Given information |
↓

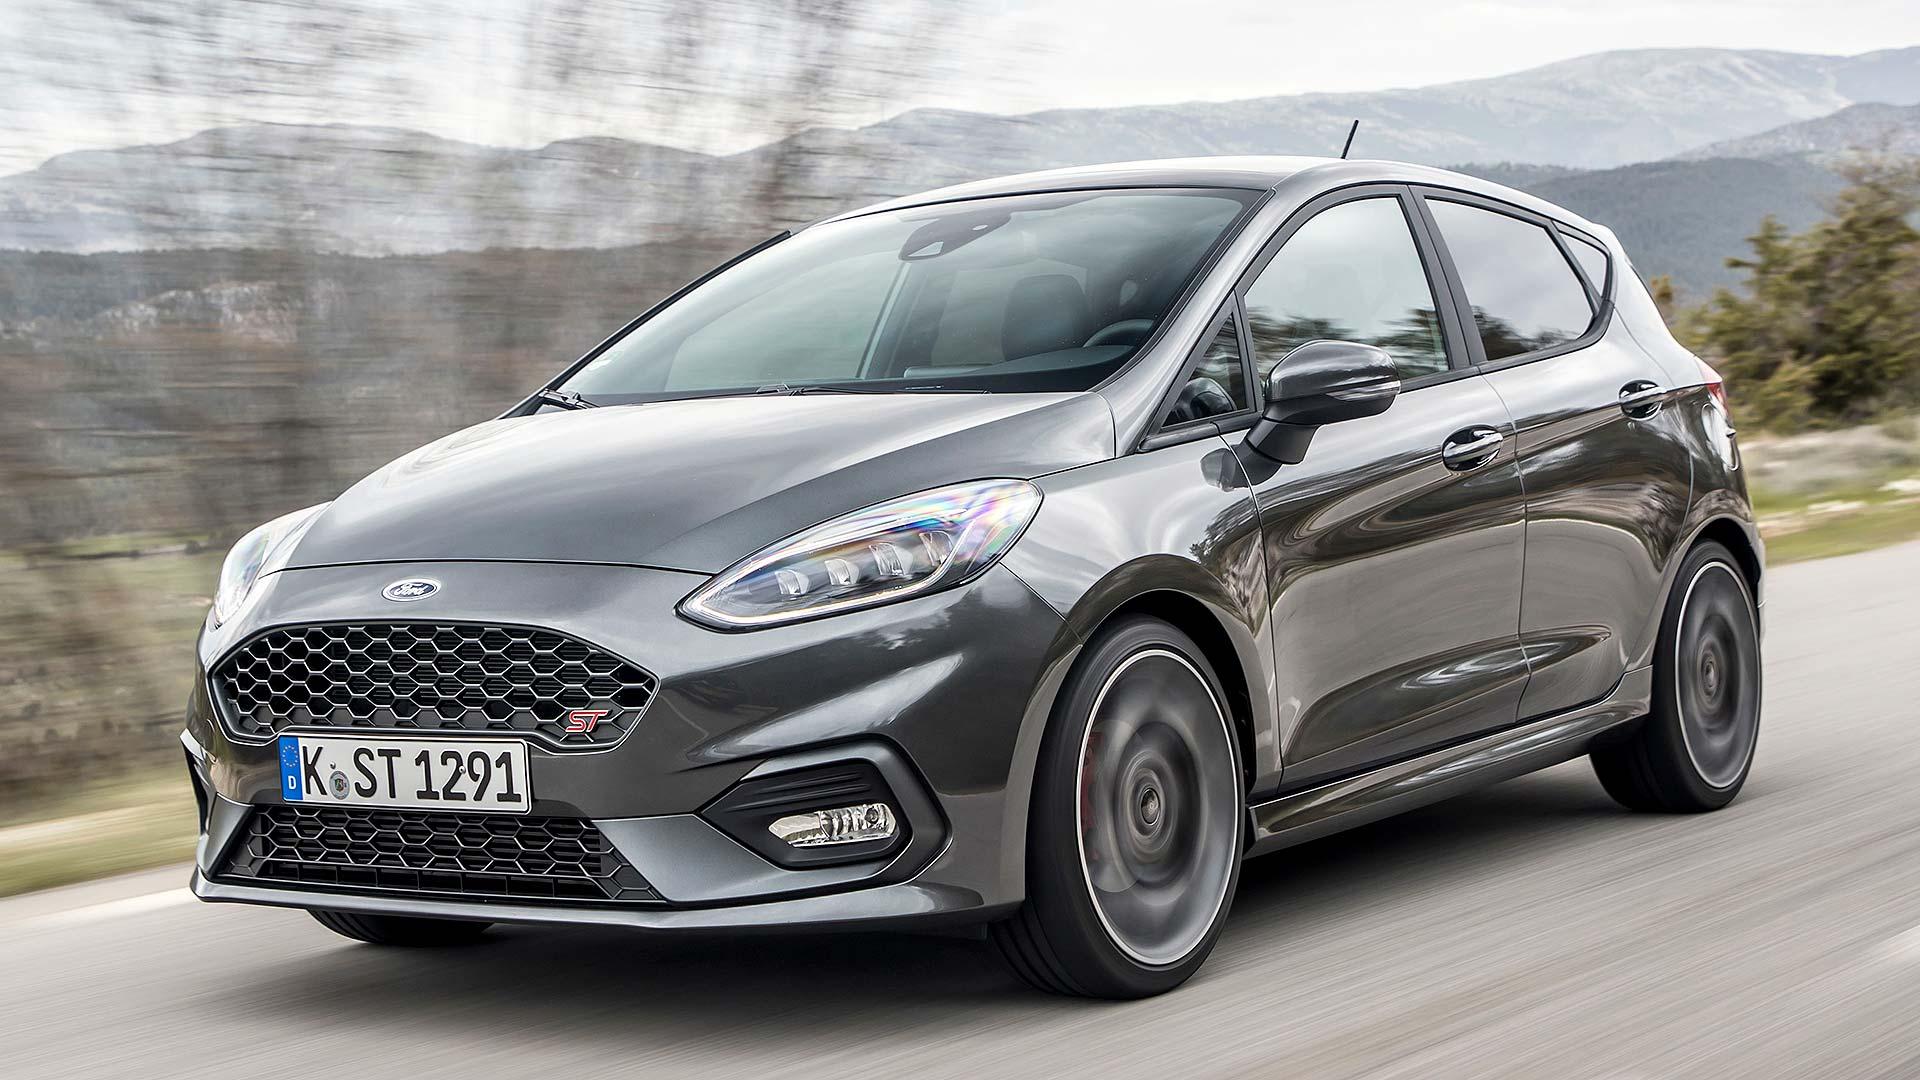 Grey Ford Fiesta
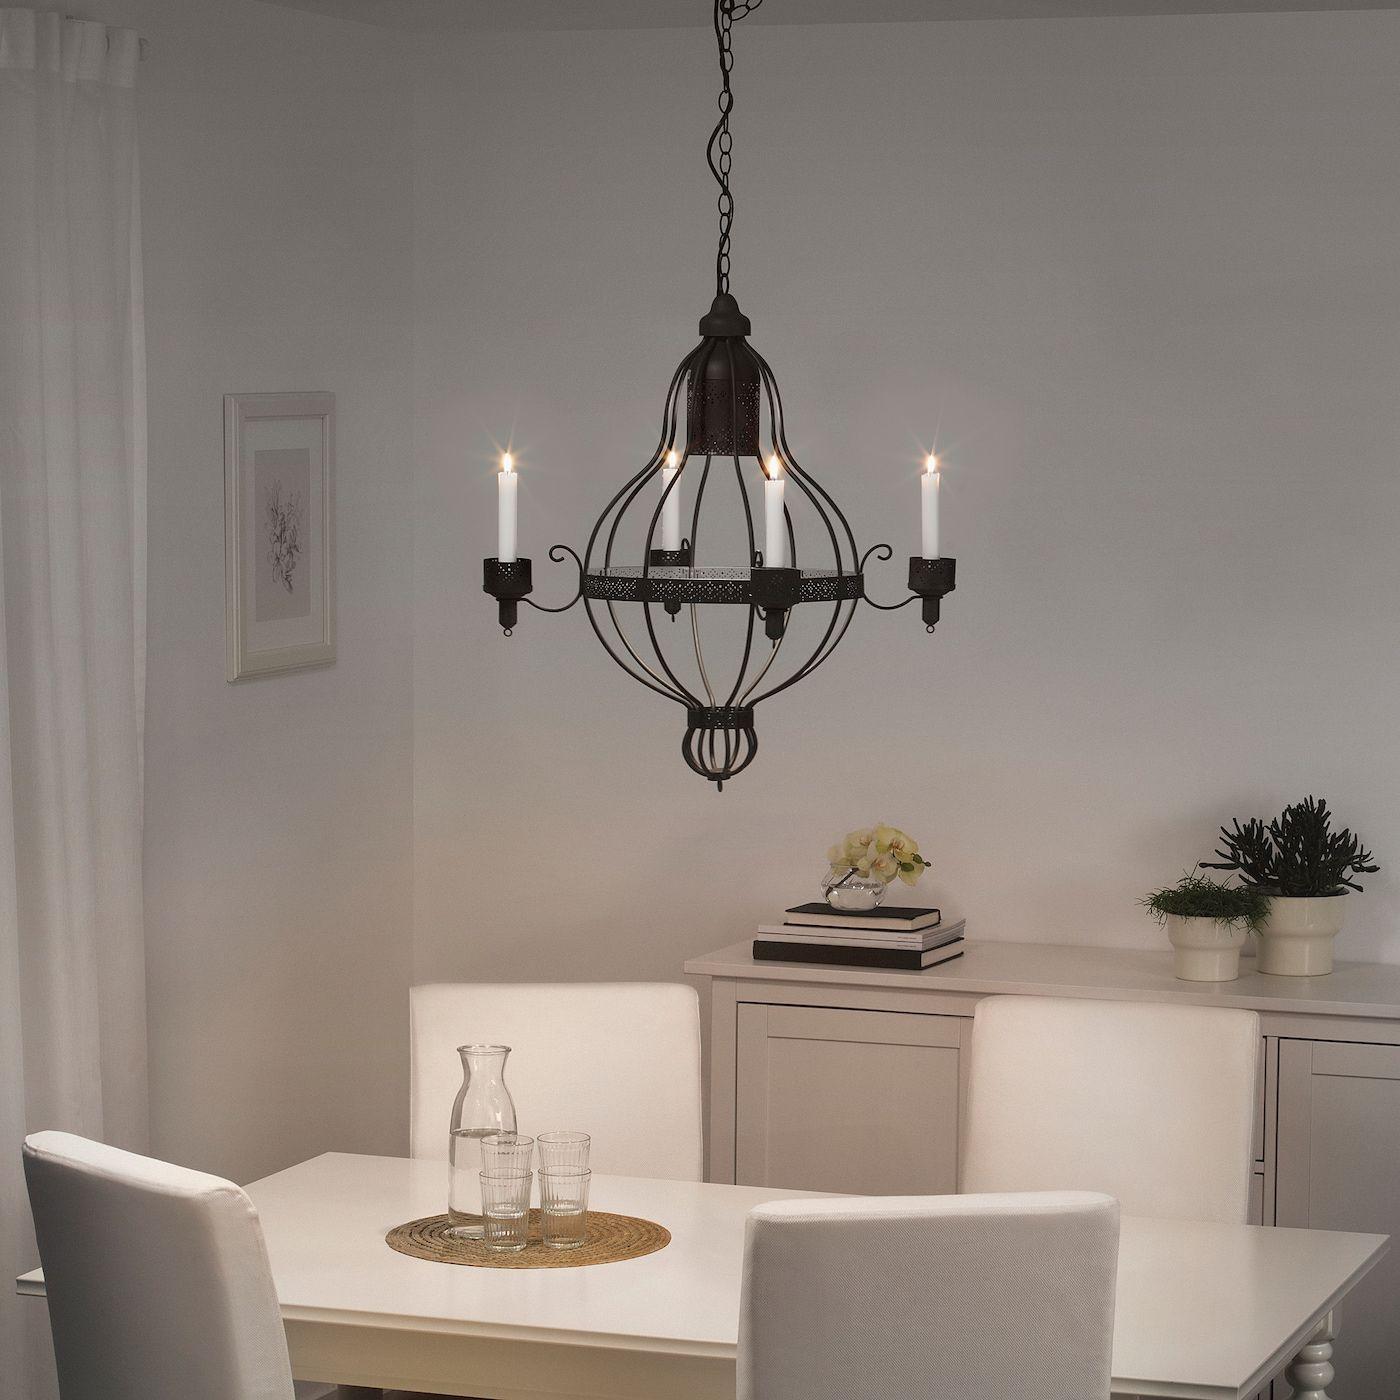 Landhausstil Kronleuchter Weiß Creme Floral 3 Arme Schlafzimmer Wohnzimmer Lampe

↑
↓

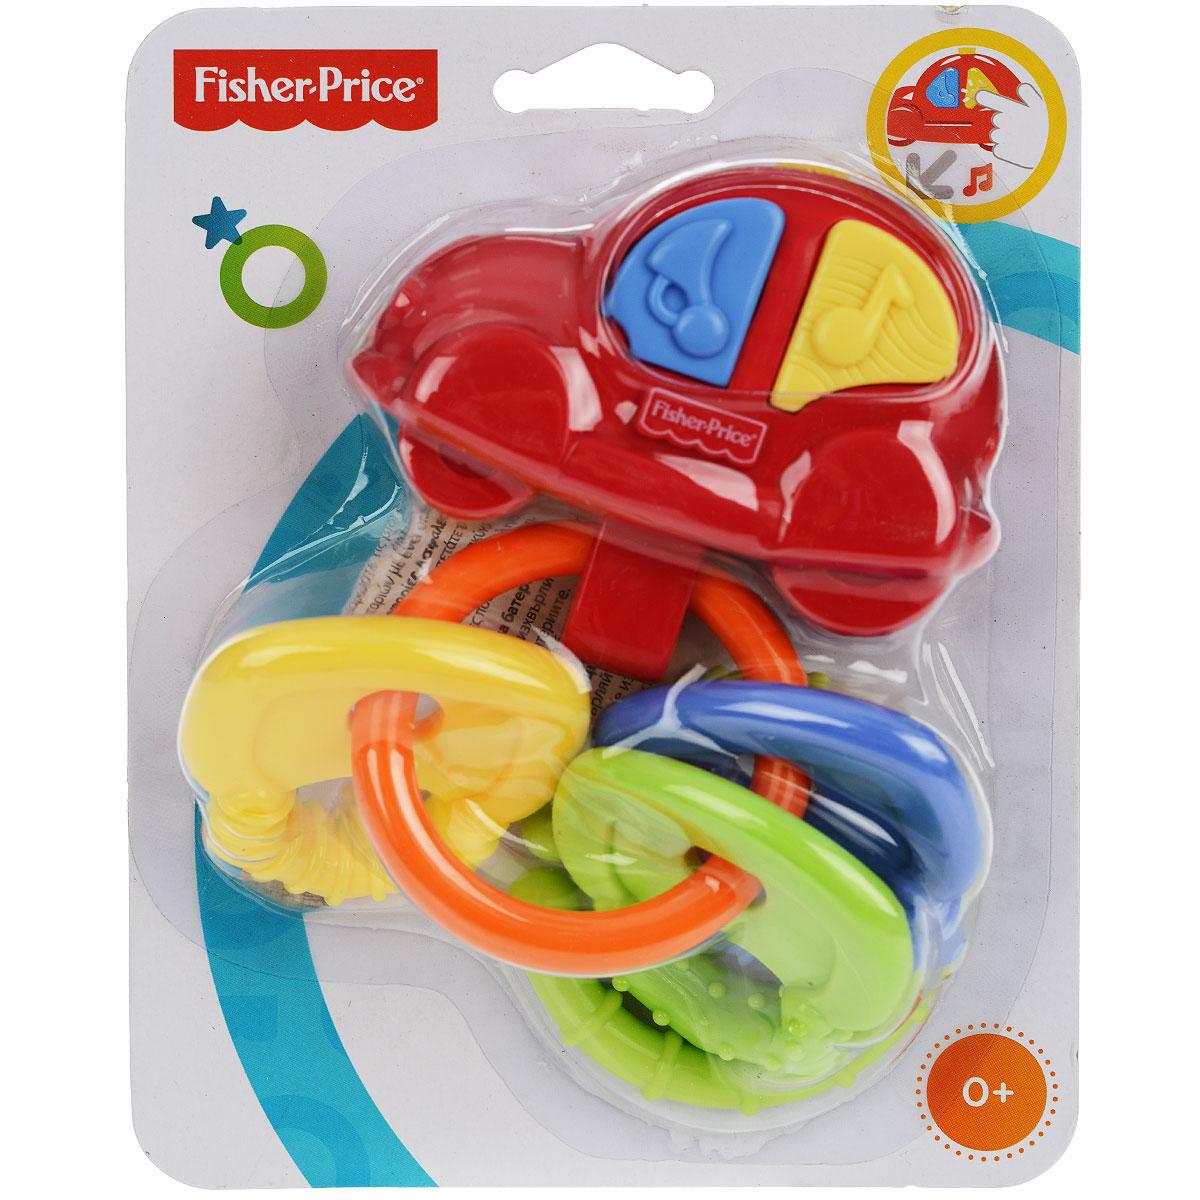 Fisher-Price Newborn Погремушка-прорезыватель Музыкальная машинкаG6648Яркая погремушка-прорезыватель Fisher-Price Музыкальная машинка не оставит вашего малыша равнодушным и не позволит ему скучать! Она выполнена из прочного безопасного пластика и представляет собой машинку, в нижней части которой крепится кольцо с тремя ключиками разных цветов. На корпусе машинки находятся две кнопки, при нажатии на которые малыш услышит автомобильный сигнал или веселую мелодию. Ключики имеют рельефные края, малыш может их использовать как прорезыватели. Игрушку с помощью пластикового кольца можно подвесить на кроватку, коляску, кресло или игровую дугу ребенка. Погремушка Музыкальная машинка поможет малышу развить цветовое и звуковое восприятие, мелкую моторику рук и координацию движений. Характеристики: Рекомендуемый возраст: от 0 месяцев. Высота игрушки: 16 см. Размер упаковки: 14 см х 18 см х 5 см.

↑
↓

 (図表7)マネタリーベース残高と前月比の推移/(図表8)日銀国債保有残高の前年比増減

↑

Assigned task | Would you please reproduce the entries above, starting at the line with "Grey Ford Fiesta" and stopping after the line with "Landhausstil Kronleuchter Weiß"? Omit any pictures.

Answer space |
 Grey Ford Fiesta
 Landhausstil Kronleuchter Weiß Creme Floral 3 Arme Schlafzimmer Wohnzimmer Lampe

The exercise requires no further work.